A similar problem exists with “orphan medicines” – medications and
procedures for treating very rare illnesses.

What could be done?

In discussions with Nathan Zeldes and with Dr. Yoav Medan (who is involved with the orphan technology of 3D printing of prosthetic hands), the following ideas were mentioned.

1. Students doing Final Projects

  • STEM students, who do their final projects, can profit from working
    on an orphan technology as their final project. The students provide
    a service and in exchange for it, they gain experience which will help
    them later make more money in their careers.
    However, most students cannot bring a product to market. The
    best they can do is to solve problems in a local and limited community.
  • People, who are not students, could gain both experience and reputation by working on such problems.
  • Companies could sponsor such projects, in order to get favorable
    advertising, improve their reputation, etc.
  • It would be a good idea to develop ways to quickly monetize experience/reputation to allow people to live well by doing those projects for a living.

2. Dual-use Technologies

For the deaf and HOH (Hard of Hearing), most of the relevant technologies happen to have dual use, starting from Alexander Graham Bell’s telephone. Robert Weitbrecht’s acoustic coupler was useful not only for allowing deaf people use teletypes over phone lines (and not only over telex lines) but also for other data communication users.

My personal experience was with adding Hebrew support to the Nokia 9110 and Nokia 9210 smartphones at the beginning of 21st century. Those cellular phones were very useful for the deaf in the pre-SMS era thanks to their ability to send and receive FAX messages. Since Hebrew support was useful also for Hebrew-speaking hearing people, it was a profitable endeavor for Erez Zino and me. See also: כנגד קול הסיכויים (in Hebrew).

A variant of this approach is for biotech and pharma companies, when developing a new technology, to first develop it to treat orphan/rare diseases. This gives them regulatory and reimbursement advantages. Once the technology is developed, it is applied also to common diseases, for which established therapies already exist.

An example is Minovia, which is developing a cell therapy technology to treat mitochondrial diseases. They began by targetting the Pearson Syndrome, which affects only 100 children worldwide.

3. “Micro-business” methodology and support services

Orphan technologies become orphan because the Hi-Tech world is based upon economics of scale. To develop a technology, you need a sufficiently big market to make it worthwhile. A business needs to have a minimum size to have any chance for success.

A methdology, infrastructure and support services to facilitate “micro-businesses” would overcome the above barrier. A micro-business would be a business, which does not require more than few hours a month, after some reasonable initial investment in building it, and would be very profitable (in terms of net income per hour) serving its very limited market.

One such possibility is to have spread out creativity centers (both physical and in the WWW) which help people develop their ideas. Examples: TAMI hackerspace and HAIFAUP.

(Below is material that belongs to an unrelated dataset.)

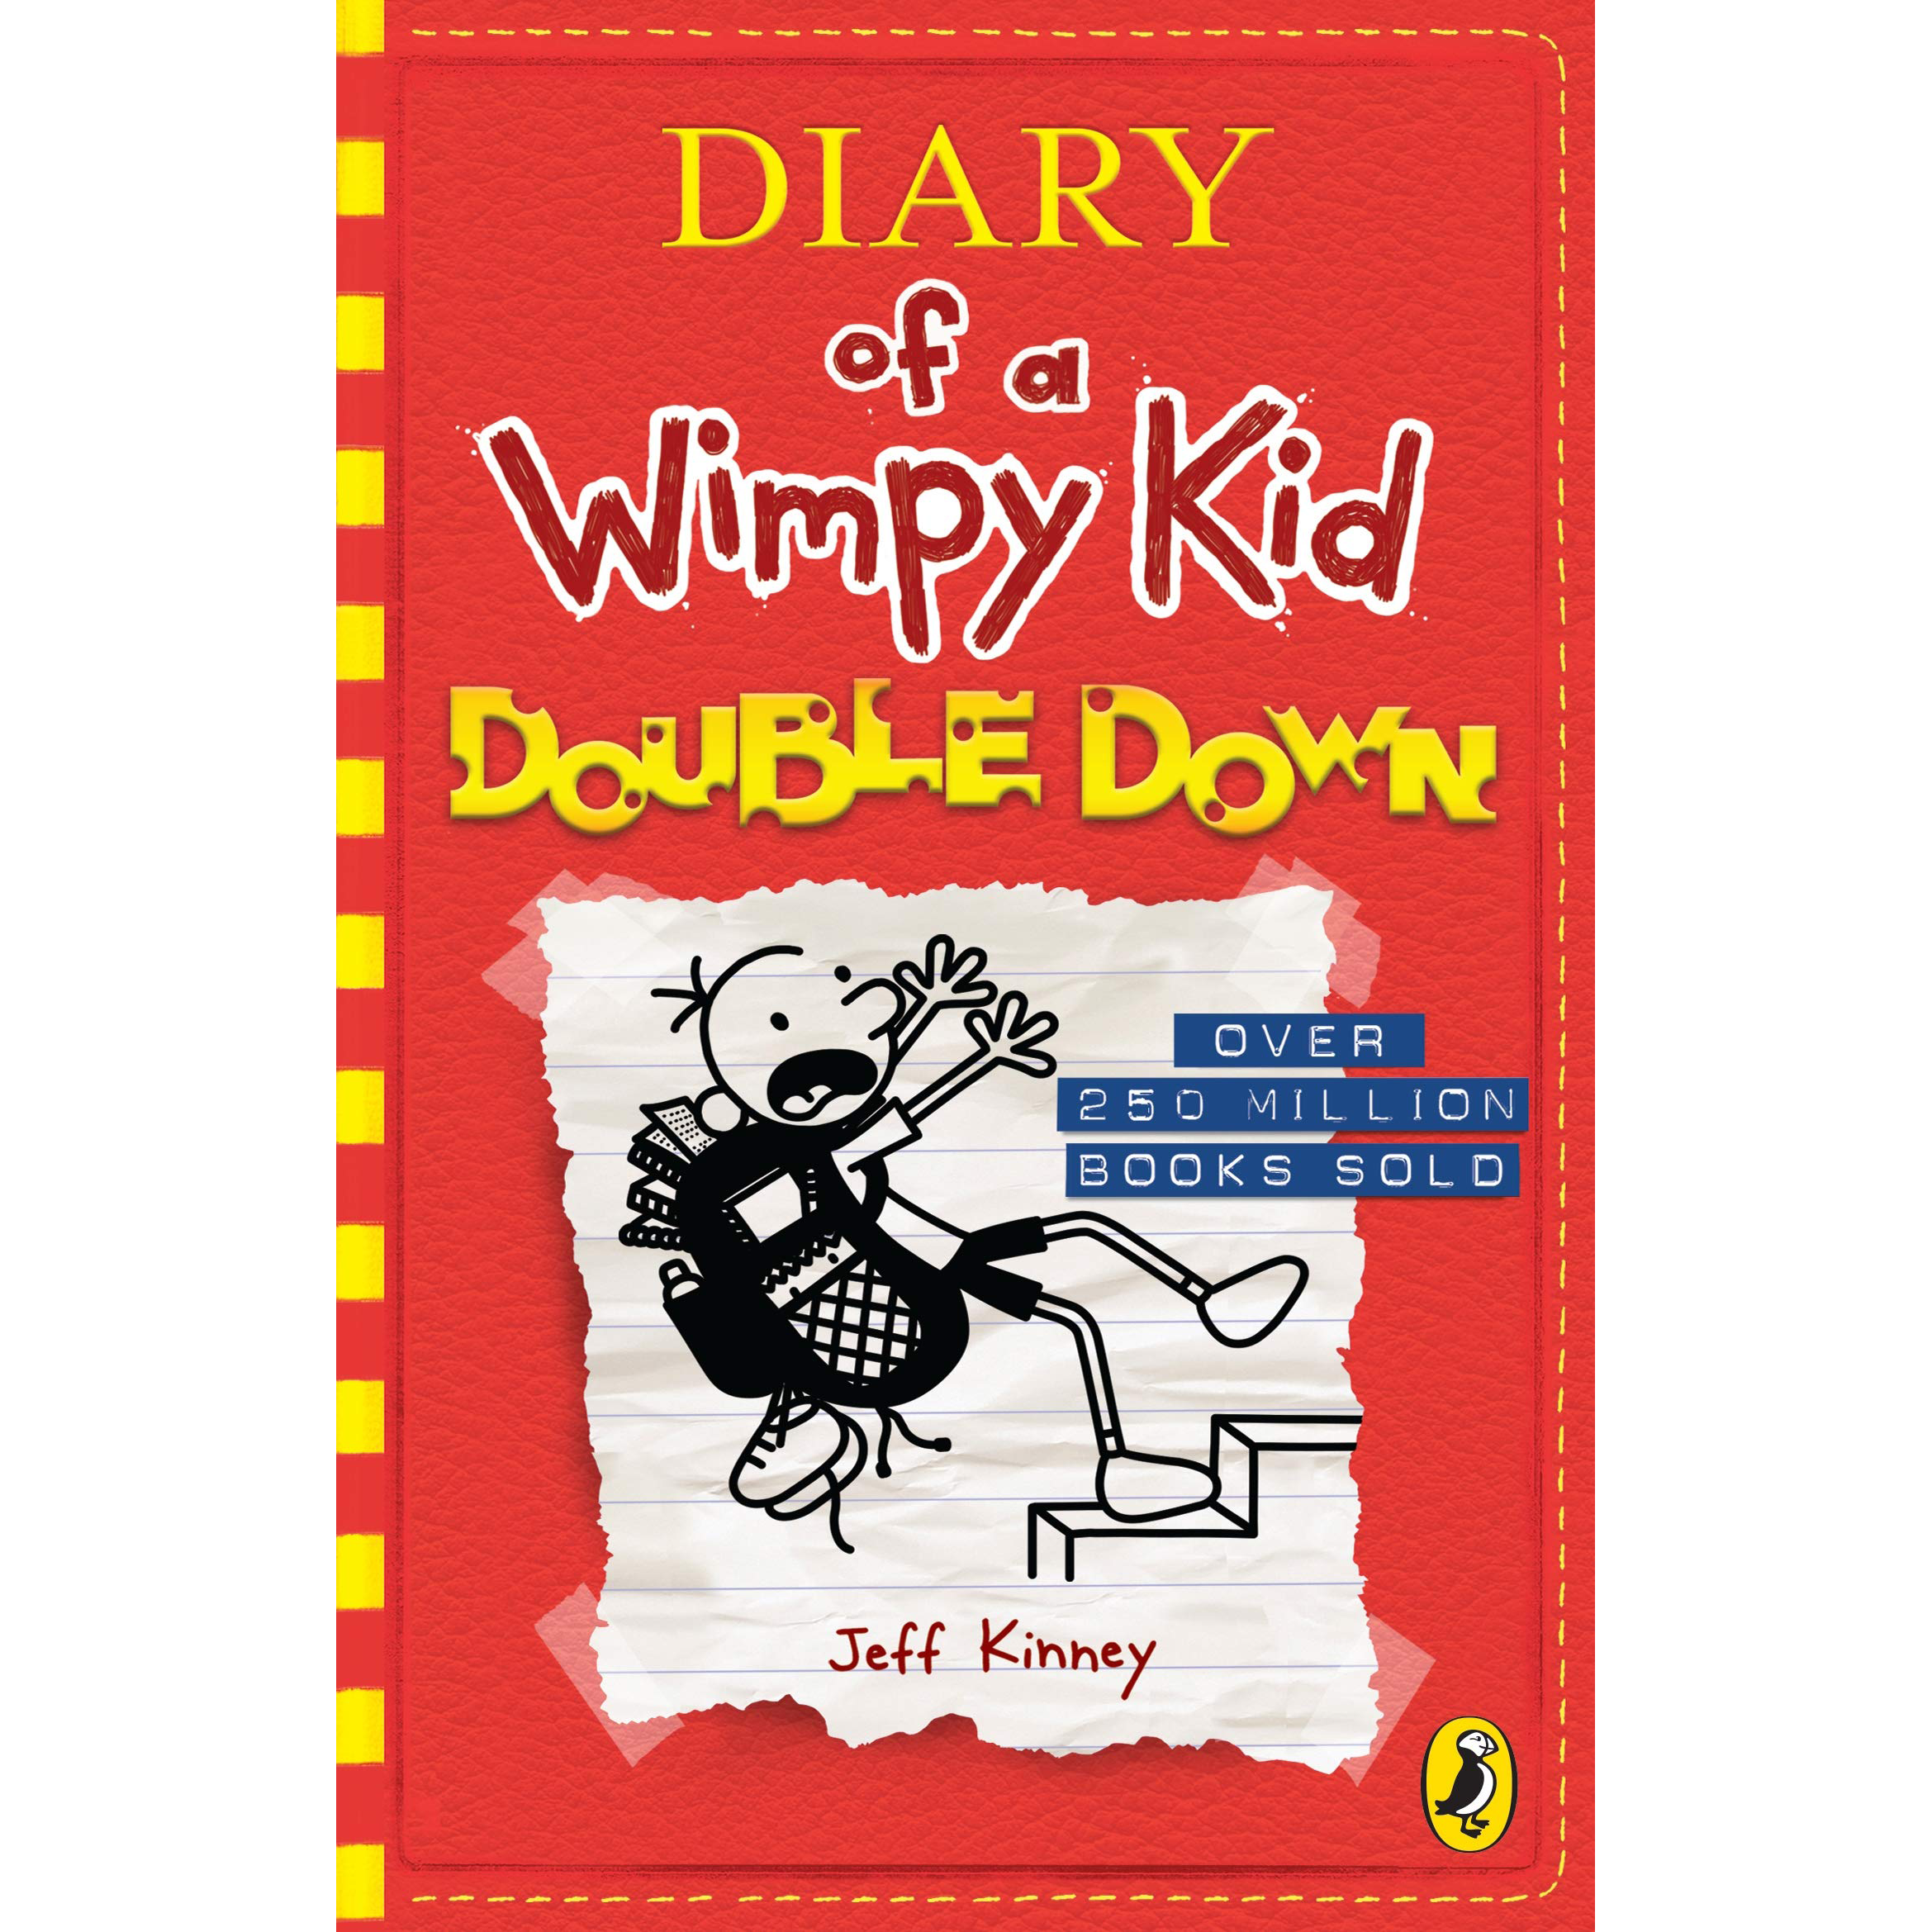 Diary Of A Wimpy Kid — The Margate Bookshop

4. Affluent end-users subsidizing the development

One could get affluent people needing an orphan technology to fund its development. Even if they are few, just one millionaire, with a child afflicted with the problem, could be enough to fund the orphan technology’s development.

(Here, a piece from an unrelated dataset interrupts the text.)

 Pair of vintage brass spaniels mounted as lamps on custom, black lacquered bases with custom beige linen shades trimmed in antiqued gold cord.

Variations of this approach:

  • Government funding of technologies needed to rehabilitate army veterans with disabilities.
  • Collaboration with a non-profit devoted to the disease in question. Some of them have money or access to donors.
  • Philanthropic funding (from people not needing the orphan technology or themselves).
  • A variant of philanthropic funding is to use crowdfunding websites (Headstart, FundIt, PipelBiz, Indiegogo, KickStarter, etc.) to donate to a project.
  • Some companies declare upfront that they will allocate a certain percentage of their profits to social causes (including orphan technologies development), without expectation to make any financial returns.

5. Impact Investments

Some people invest not only for profit but also for social impact. They invest in underserved areas where they can see an eventual upside. An example is Social Finance Israel.